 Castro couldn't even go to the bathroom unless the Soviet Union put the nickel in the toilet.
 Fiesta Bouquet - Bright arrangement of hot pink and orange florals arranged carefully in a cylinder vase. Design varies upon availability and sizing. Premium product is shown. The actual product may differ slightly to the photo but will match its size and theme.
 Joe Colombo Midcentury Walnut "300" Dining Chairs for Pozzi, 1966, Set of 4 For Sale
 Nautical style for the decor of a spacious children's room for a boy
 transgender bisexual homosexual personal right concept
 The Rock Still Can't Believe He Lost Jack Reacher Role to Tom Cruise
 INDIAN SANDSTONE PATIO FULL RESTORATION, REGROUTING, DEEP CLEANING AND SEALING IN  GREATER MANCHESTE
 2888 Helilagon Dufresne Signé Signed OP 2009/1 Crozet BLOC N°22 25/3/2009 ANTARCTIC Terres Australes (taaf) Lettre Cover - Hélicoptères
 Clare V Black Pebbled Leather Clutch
= = = =
[PROBLEM DESCRIPTION]
Please restate the material above exactly, line by line.

[COMPLETED TASK]
 Castro couldn't even go to the bathroom unless the Soviet Union put the nickel in the toilet.
 Fiesta Bouquet - Bright arrangement of hot pink and orange florals arranged carefully in a cylinder vase. Design varies upon availability and sizing. Premium product is shown. The actual product may differ slightly to the photo but will match its size and theme.
 Joe Colombo Midcentury Walnut "300" Dining Chairs for Pozzi, 1966, Set of 4 For Sale
 Nautical style for the decor of a spacious children's room for a boy
 transgender bisexual homosexual personal right concept
 The Rock Still Can't Believe He Lost Jack Reacher Role to Tom Cruise
 INDIAN SANDSTONE PATIO FULL RESTORATION, REGROUTING, DEEP CLEANING AND SEALING IN  GREATER MANCHESTE
 2888 Helilagon Dufresne Signé Signed OP 2009/1 Crozet BLOC N°22 25/3/2009 ANTARCTIC Terres Australes (taaf) Lettre Cover - Hélicoptères
 Clare V Black Pebbled Leather Clutch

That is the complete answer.